Peripheral blood mononuclear cells were isolated from buffy coat preparations of human blood obtained commercially from the Virology Core Unit at the University of California, Los Angeles. Monocytic cells were adhered to 24-well culture plates in serum-free RPMI 1640 (RPMI) culture medium for 2 h, after which nonadherent cells were removed and the remaining adherent monocytes washed with further serum-free RPMI. The monocytes were then cultured for 5 days in RPMI supplemented with 10% FCS and granulocyte-macrophage colony-stimulating factor (Immunex, Seattle, WA). The resulting cells showed increased expression of macrophage markers, such as CD14 [23].

Extraction of RNA and Reverse Transcription

RNA was extracted from mouse tissues using the RNeasy total RNA extraction kit, as detailed by the manufacturer (Qiagen, Valencia, CA). RNA was eluted in RNase-free elution solution, and 1.5 μg aliquots were reverse transcribed using Powerscript MMLV reverse transcriptase (ABI, Foster City, CA), as described by the manufacturer.

Quantitative Real-Time RT-PCR Amplification of cDNAs

Expression of mRNAs for VDR, CYP27B1, 24-hydroxylase (CYP24), CAMP, β-defensin-4 (DEFB4) and other specified genes was quantified using an ABI 7700 sequence detection system (ABI), as described previously [32]. Approximately 50 ng of cDNA was used per reaction. All reactions were multiplexed with the housekeeping 18S rRNA gene (Assays-on-Demand [ABI] primer and probe mix Hs99999901_s1), enabling data to be expressed in relation to an internal reference to allow for differences in sampling. Data were obtained as Ct values (the cycle number at which logarithmic PCR plots cross a calculated threshold line), and used to determine ΔCt values (Ct of target gene − Ct of housekeeping 18S rRNA gene). PCR amplification of target gene cDNA was carried out using the following Taqman human gene expression assays: CYP27B1, forward primer 5′-TTGGCAAGCGCAGCTGTAT-3′, reverse primer 5′-TGTGTTAGGATCTGGGCCAAA-3′, TaqMan probe 5′-TTGCAATTCAAGCTCTGCCAGGCG-3′; VDR, forward primer 5′-CTTCAGGCGAAGCATGAAGC-3′, reverse primer 5′-CCTTCATCATGCCGATGTCC-3′, Taqman probe 5′-AAGGCACTATTCACCTGCCCCTTCAA-3′; CYP24A1, forward primer, 5′-CAAACCGTGGAAGGCCTATC-3′, reverse primer 5′-AGTCTTCCCCTTCCAGGATCA-3′, TaqMan probe 5′-ACTACCGCAAAGAAGGCTACGGGCTG-3′; CD14, ABI primer and probe mix Hs00169122_g1; TLR2, Hs00610101_m1; TLR4, Hs00152939_m1; CAMP, Hs00189038_m1; inducible nitric oxide synthase (NOS2) Hs00167257_m1. All cDNAs were amplified under the following conditions: 50°C for 2 min; 95°C for 10 min followed by 40 cycles of 95°C for 15 sec and 60°C for 1 min. All reactions were performed in triplicate and initially expressed as mean (±SD) ΔCt values, which were employed in statistical comparisons. Visual representation of data was carried out by converting ΔCt values to fold change data relative to ΔCt values for control (vehicle-treated) cells using the equation 2−ΔΔCt.

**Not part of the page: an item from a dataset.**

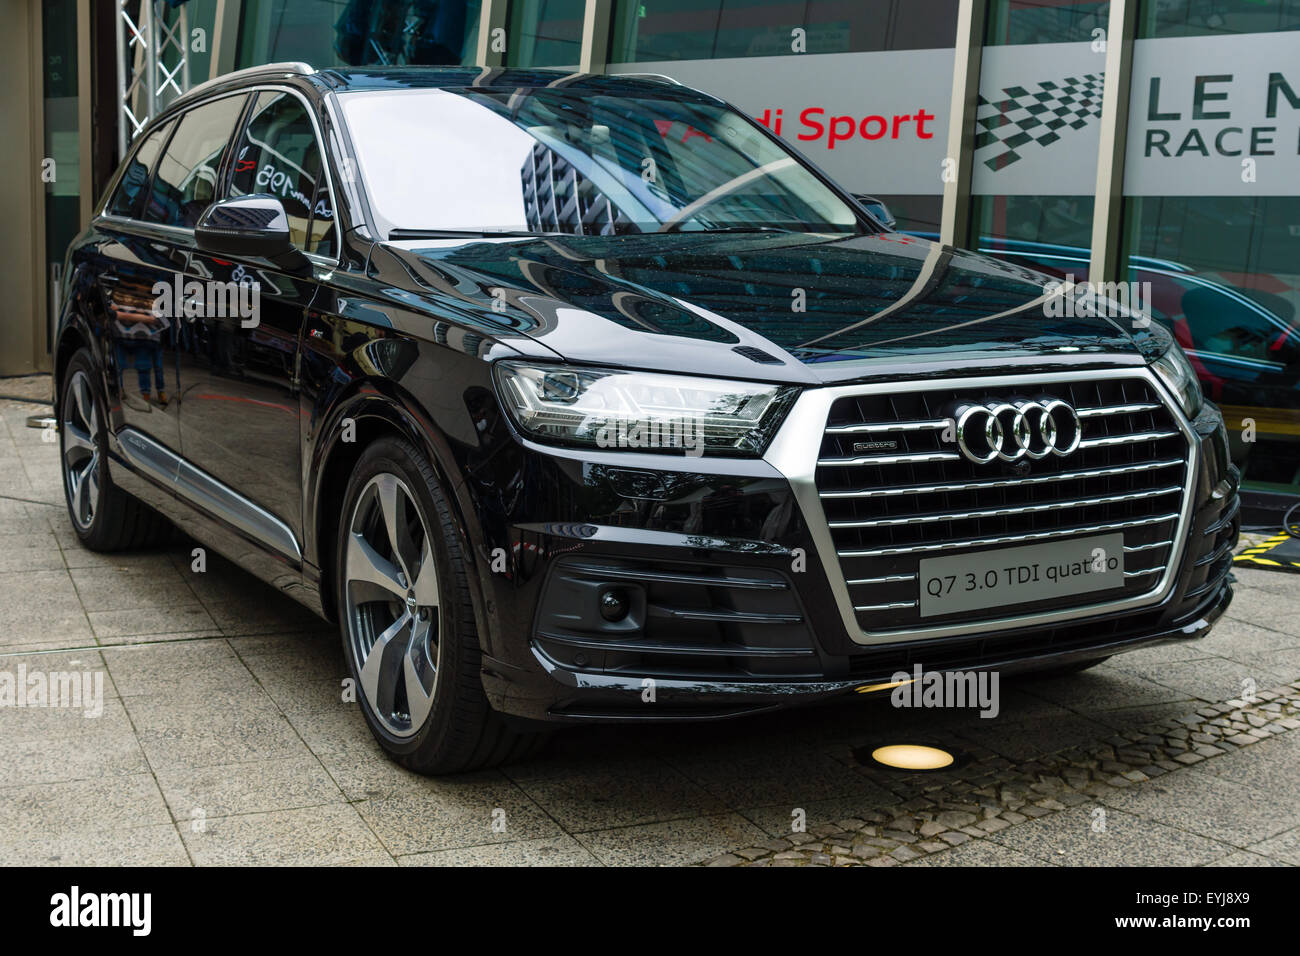 Berlino - Giugno 14, 2015: full-size lusso crossover SUV Audi Q7 3.0 TDI quattro. Il classico giorni sul Kurfuerstendamm. Foto Stock

Measurement of 1,25(OH)2D Synthesis by Macrophages and Trophoblasts

Activity of CYP27B1 in 3A trophoblasts and macrophages was assessed by quantifying the conversion of 3[H]-25OHD (180 Ci/mmol; Amersham Biosciences, Piscataway, NJ) to 3[H]-1,25(OH)2D. For each assay, 10 nM 3[H]-25OHD suspended in 0.2 ml serum-free RPMI was added to 3A cells or macrophages and incubated at 37°C for 5 h, with the reaction being terminated by freezing at −20°C. Protein from these samples was initially precipitated with added acetonitrile (1:1). Vitamin D metabolites were then extracted from the reaction mixtures by elution on C18-OH columns according to manufacturer's instructions (Diasorin, Stillwater, MN). The resulting eluent was resuspended in 25 μl of elution solvent hexane:methanol:isopropanol (90:5:5), vortexed for 15 sec, and individual metabolites separated by HPLC using a Beckman Gold system with an Agilent Technologies Zobax Sil normal phase column (Agilent Technologies, Palo Alta, CA) eluted at a rate of 1.5 ml/min for 20 min. Elution profiles for standard vitamin D metabolites (25OHD, 24,25(OH)2D, 1,25(OH)2D) were determined by ultraviolet absorbance at 264 nm. Elution of metabolites of 3[H]-25OHD was assessed using a β-Ram Model 4 in-flow detector (IN/US, Tampa, FL) in conjunction with Ultima-Flo M scintillation fluid (Perkin-Elmer, Boston, MA) at a 2:1 ratio with a 5-sec dwell time to designate the increments for data collection. Lauralite 3 software (LabLogic, Sheffield, UK) was used to quantitate peaks of radioactivity corresponding to 25OHD, 24,25(OH)2D, or 1,25(OH)2D. Data were reported as mean fmoles metabolite synthesized/h/106 cells ± SD following three separate experiments.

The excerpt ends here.